In my trace file the explain plan dump for the query starts at line 6613.

Using a trace file viewer is recommended - general steps to find the issue are:

  1. Find the proper 'optimizing query block' (OPTIMIZING QB) section for your sql (If using v10053.exe look for the OPTIMIZING QB section on the left hand side).

  2. Look for the Access path analysis for the table containing the wrong statistic (ArticleAttribute in our case).

  3. Look for the column containing the index giving the wrong estimated row count. In our case, the XAK2_ArticleAttribute index is on the NameInKeyLanguage column.

At this point you'll want to familiarize yourself with how Oracle uses histograms to manage statistics.

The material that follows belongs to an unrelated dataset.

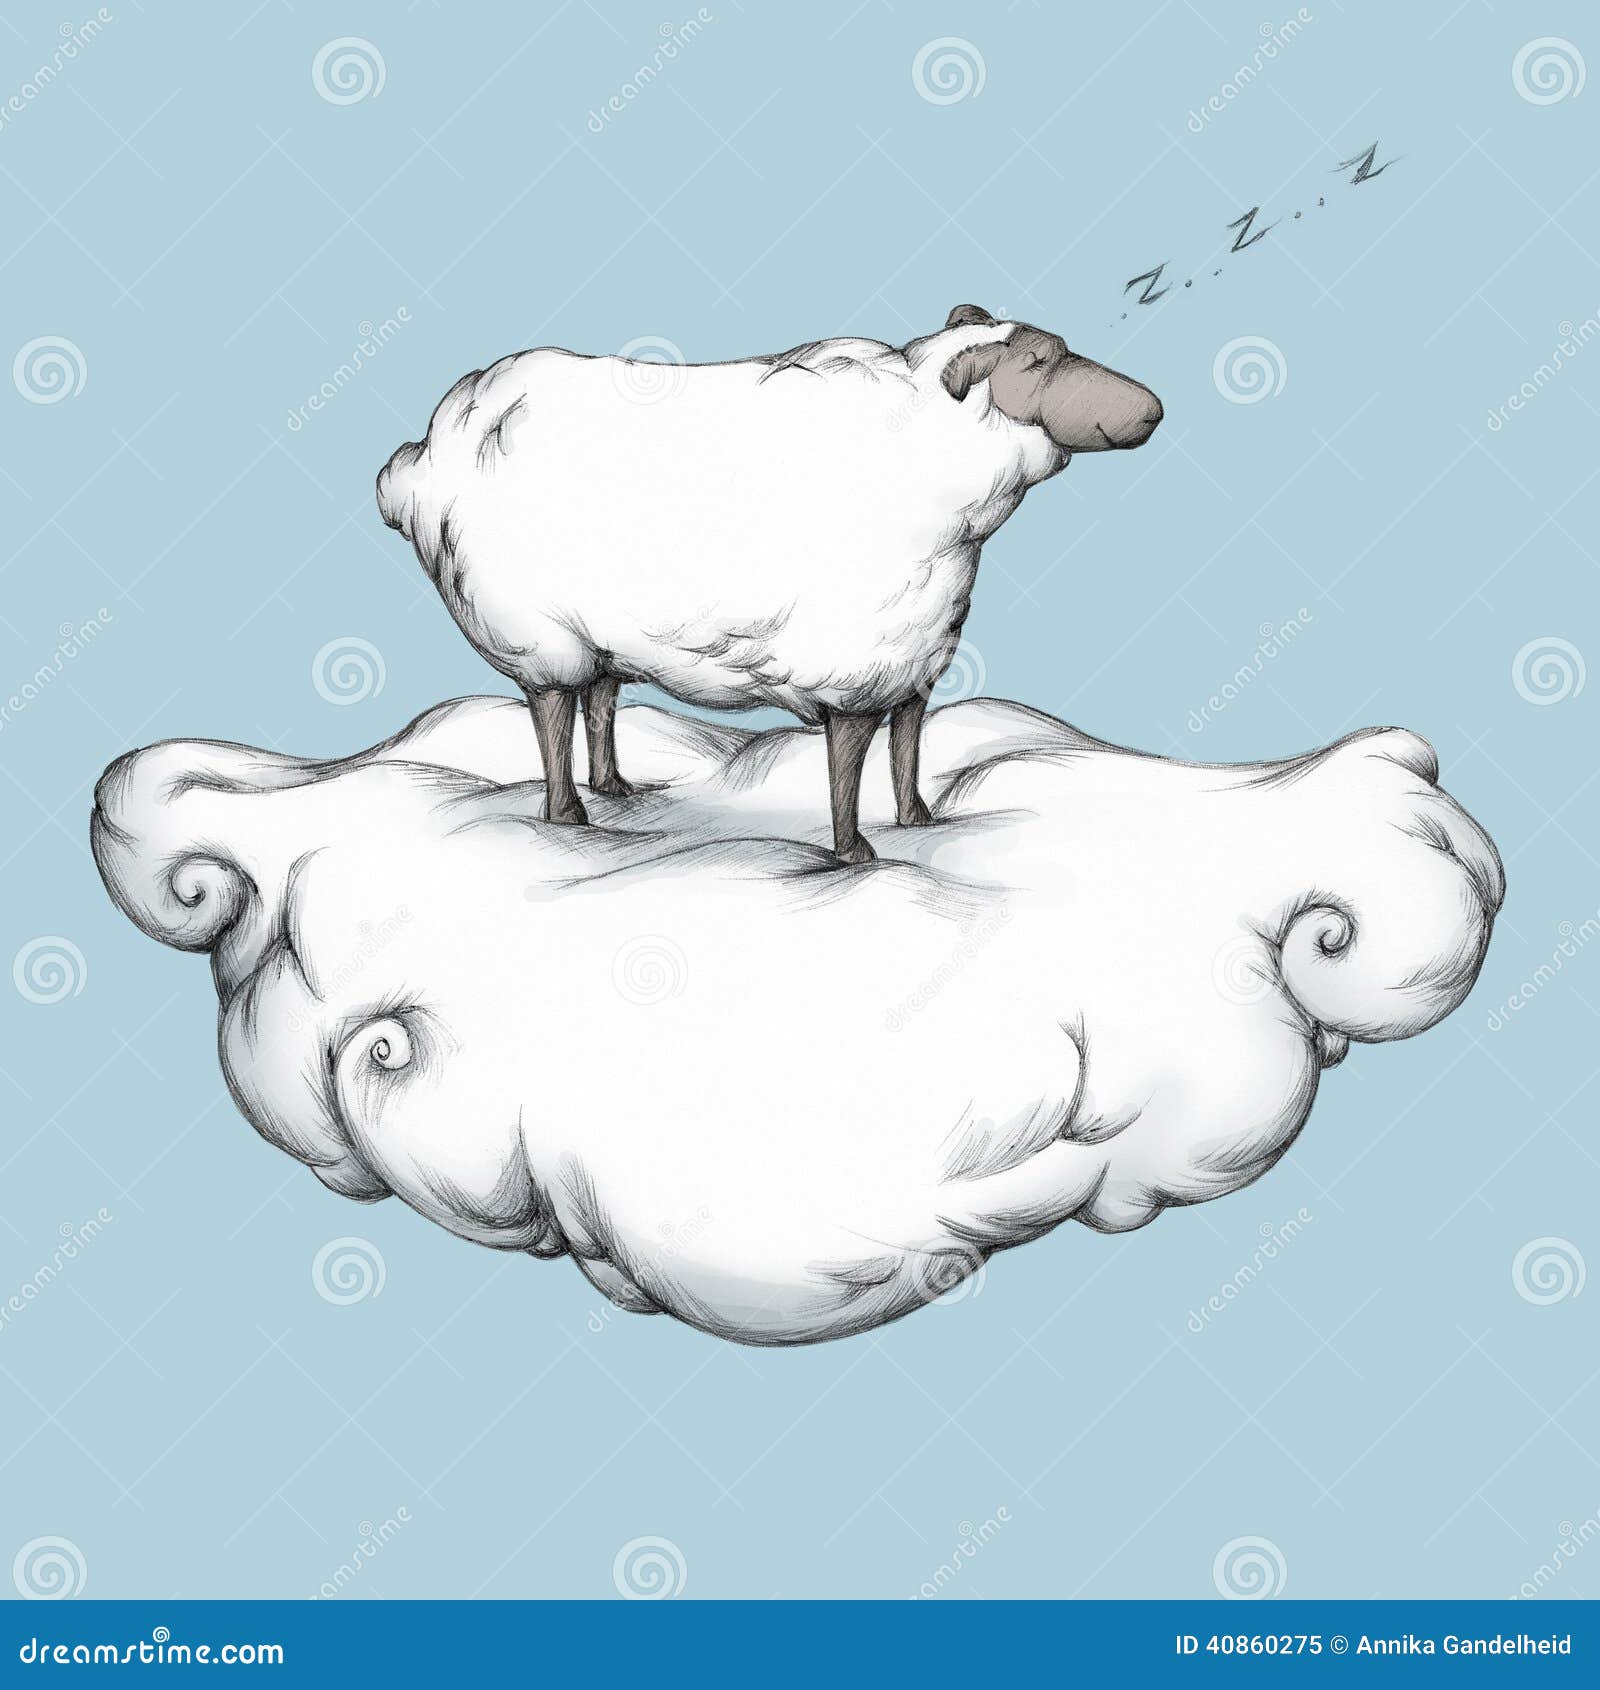 Sleeping sheep on a cloud stock illustration. Illustration of wool 
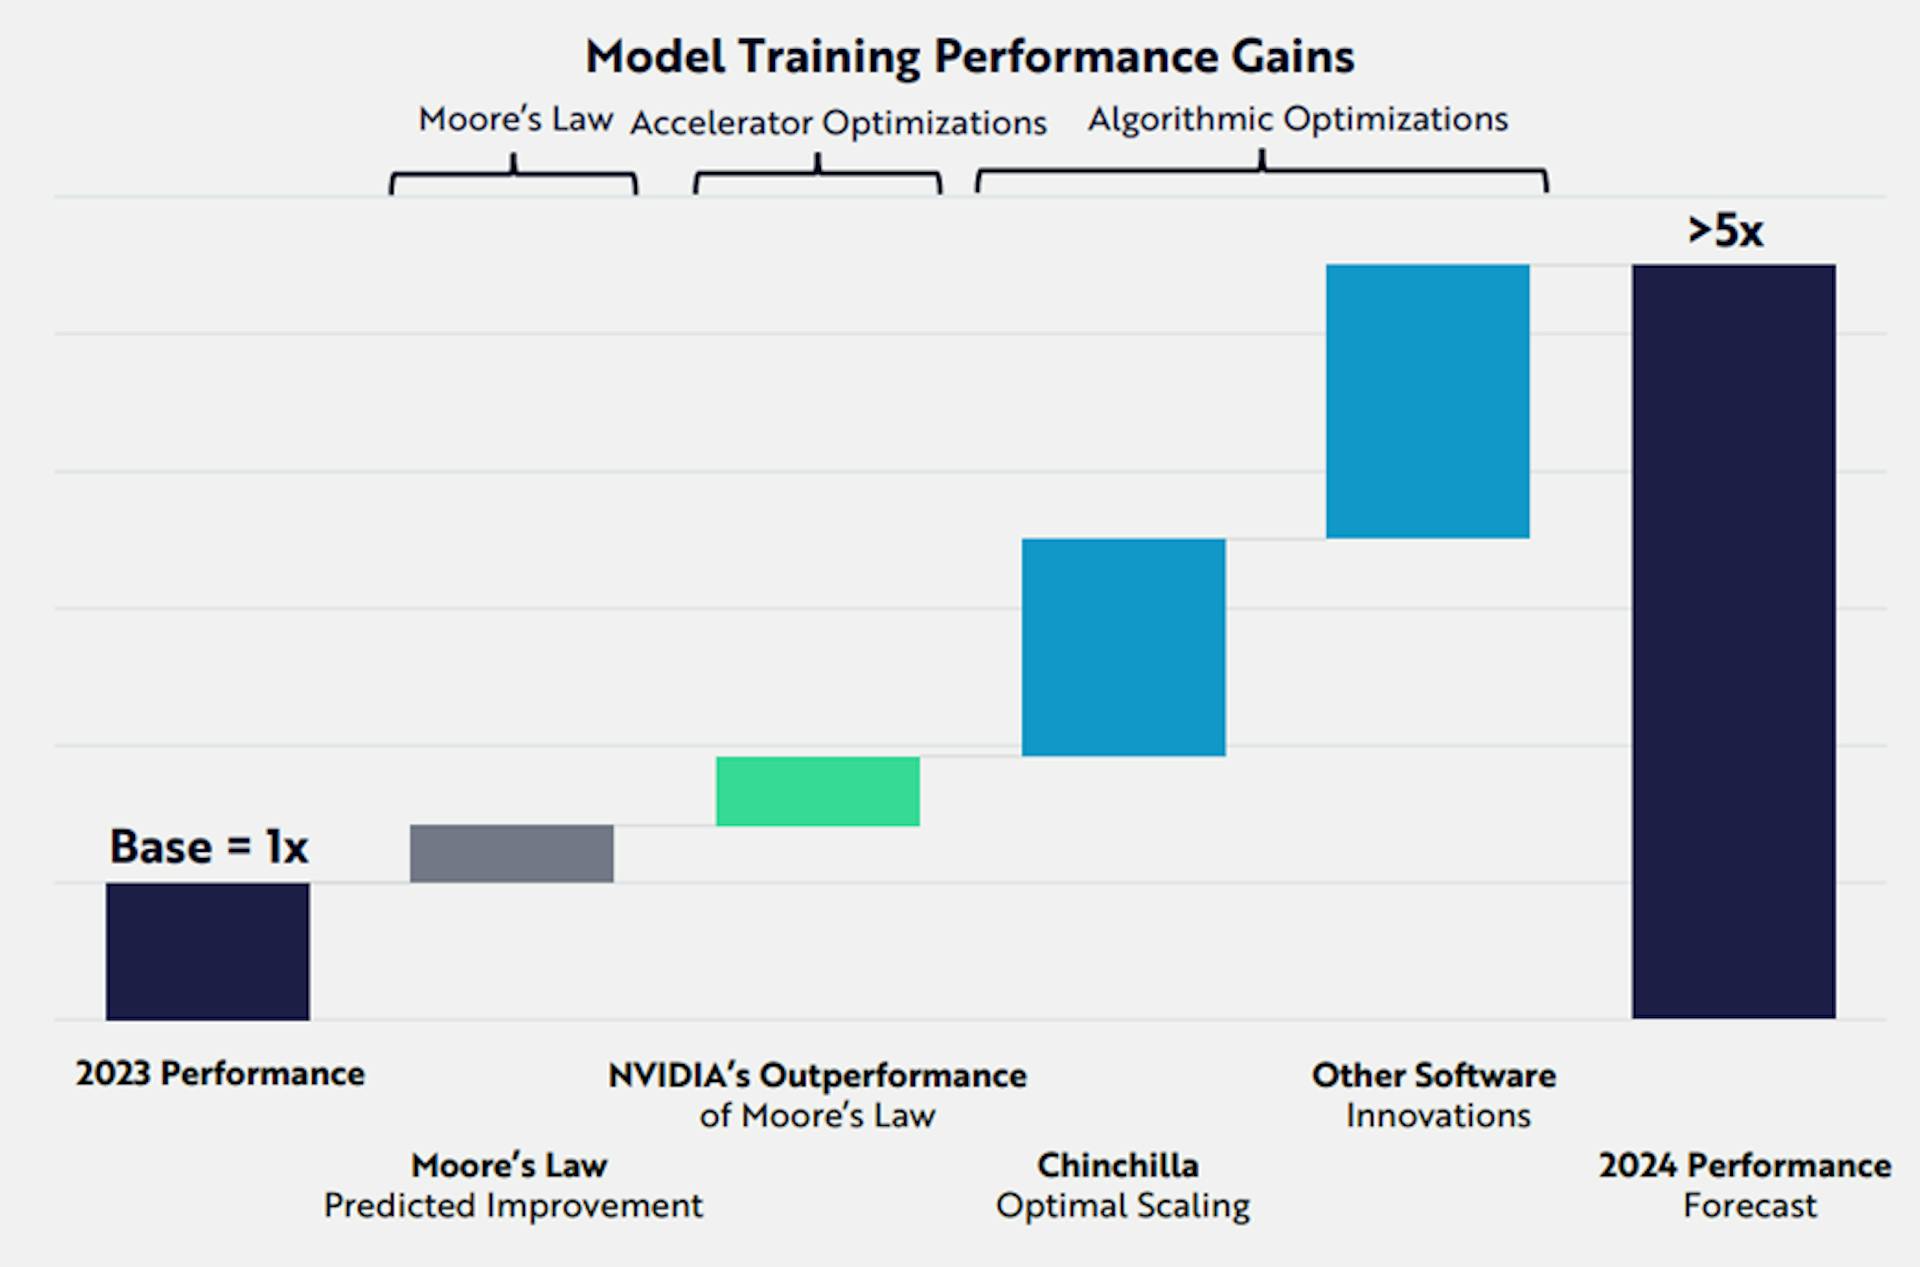 Model training performance gains

images/download/attachments/98009941/image2016-7-27_15_40_57.png

If you look closely at section 3, you'll notice that the NDV (Number of Distinct Values) is 383, but the #Bkts (Buckets) is 255 from the HtBal (Height Balanced) histogram. The NameInKeyLanguage value of 'Heel Height' was unfortunately not in one of the buckets, which causes the "Using prorated density: 0.000000 of col #54 as selectvity of out-of-range/non-existent value pred" message you see. This causes the optimizer to incorrectly guess that this value doesn't exist in this table and that joining to this table would also return no rows for the query (prorated density of 0).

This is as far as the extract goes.